Qwestrum Engineering360 · Computer & Hardware · Computer Architecture
Memory Hierarchy
Memory hierarchy balances speed, cost, and capacity using locality principles.
Exam tip: keep SI units consistent end-to-end, write the governing relation symbolically before substituting, and sanity-check magnitude and sign.
Key formulas & points
Skim these first — then read the full notes below.
- Registers to cache to RAM to storage pyramid
- Write-through vs write-back cache policy
- Virtual memory extends apparent RAM via paging
Topic details
Introduction
Stallings and Hamacher explain hierarchy as the main reason modern CPUs remain efficient despite slow main memory. B.Tech numericals mostly use AMAT and miss-rate sensitivity.
Key relations & formulas
Formulas (Indian textbook notation)
Formulas (Indian textbook notation)
Formulas (Indian textbook notation)
Notation and sign conventions
Relation 1 —
Formulas (Indian textbook notation)
Write this relation with symbols exactly as in Computer System Architecture — Morris Mano before substituting numbers. Examiners award partial marks for a correct setup even when arithmetic slips.
Relation 2 —
Formulas (Indian textbook notation)
Write this relation with symbols exactly as in Computer System Architecture — Morris Mano before substituting numbers. Examiners award partial marks for a correct setup even when arithmetic slips.
Relation 3 —
Formulas (Indian textbook notation)
Write this relation with symbols exactly as in Computer System Architecture — Morris Mano before substituting numbers. Examiners award partial marks for a correct setup even when arithmetic slips.
Concept in depth
Upper levels are small and fast, lower levels are large and slow. Temporal locality justifies keeping recently used blocks, while spatial locality motivates block transfers. AMAT links design policy to measurable performance. Virtual memory isolates processes and extends usable address space at the cost of page faults when locality breaks down.
Assumptions and validity limits
State assumptions explicitly before using any relation for memory hierarchy — steady state, uniform properties, linear elastic material, ideal gas, incompressible flow, etc., as applicable.
Wrong assumptions invalidate the entire solution even when the formula is correct. In Computer Architecture viva and GATE descriptive questions, listing valid assumptions often earns separate marks.

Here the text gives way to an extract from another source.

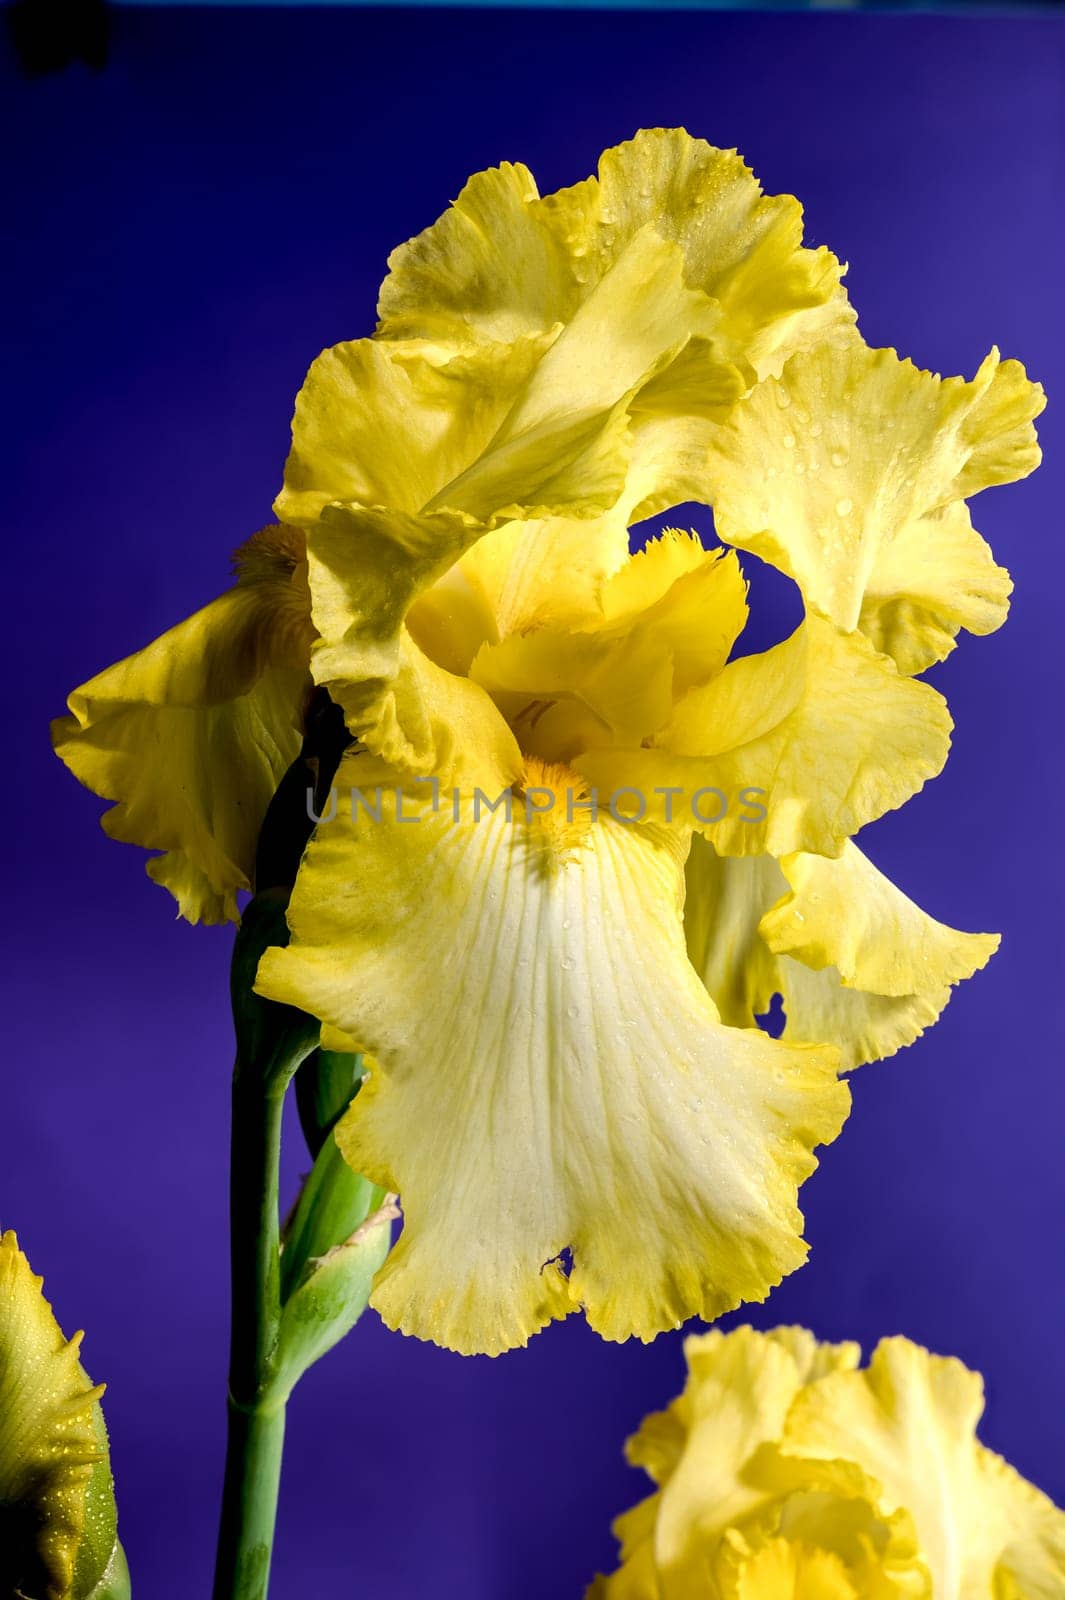 Blooming yellow iris on a purple background by Multipedia

Step-by-step problem approach
1. Read the question and list given data with SI units (common in Computer Architecture papers).
2. Draw a neat labelled diagram where applicable — examiners in Indian universities award diagram marks even when arithmetic slips.
3. Identify which relation from this topic applies to memory hierarchy.
4. Use equation 1:
5. Use equation 2:
6. Substitute values, compute, and verify units and sign (direction).
7. State conclusion in one line — e.g. safe/unsafe, stable/unstable, feasible/infeasible.
2. Draw a neat labelled diagram where applicable — examiners in Indian universities award diagram marks even when arithmetic slips.
3. Identify which relation from this topic applies to memory hierarchy.
4. Use equation 1:
.
5. Use equation 2:
.
6. Substitute values, compute, and verify units and sign (direction).
7. State conclusion in one line — e.g. safe/unsafe, stable/unstable, feasible/infeasible.
Applications & exam relevance
Memory Hierarchy appears in processor and system design. In Indian computer hardware curricula this topic is tested because it connects theory to CPU, memory hierarchy, and I/O.
GATE and semester exams often combine memory hierarchy with earlier units — revise prerequisites before attempting mixed problems.
Industry interview panels sometimes ask: "Where did you use memory hierarchy?" — answer with a lab, mini-project, or plant visit example if possible.
Common mistakes in exams
Many answers add miss penalty directly to access time without multiplying by miss rate. Another error is mixing hit ratio and miss ratio in substitution.
Quick revision checklist
Before attempting memory hierarchy problems, confirm you can:
1. Registers to cache to RAM to storage pyramid
2. Write-through vs write-back cache policy
3. Virtual memory extends apparent RAM via paging
2. Write-through vs write-back cache policy
3. Virtual memory extends apparent RAM via paging
Revise the solved examples in Computer System Architecture — Morris Mano and one previous-year GATE or university paper for this unit.
Worked examples
Try the problem first — open the solution when you are ready to check.
AMAT estimation
Problem
Cache hit time 2 ns, miss rate 4%, miss penalty 80 ns. Find AMAT.
Solution
AMAT = 2 + 0.04×80 = 2 + 3.2 = 5.2 ns.
Conceptual check — Memory Hierarchy
Problem
In a Computer Architecture semester or GATE paper you are asked: "State the main assumption, the governing relation, and one practical consequence of memory hierarchy." What should a complete answer include?
📖 Standard books (India)
Computer System Architecture — Morris Mano
Read: Syllabus unit
CPU, memory hierarchy, and I/O
Explore related topics
See real computer & hardware careers
After exams and interviews, see how engineers actually built careers — milestones and decisions from people in the field.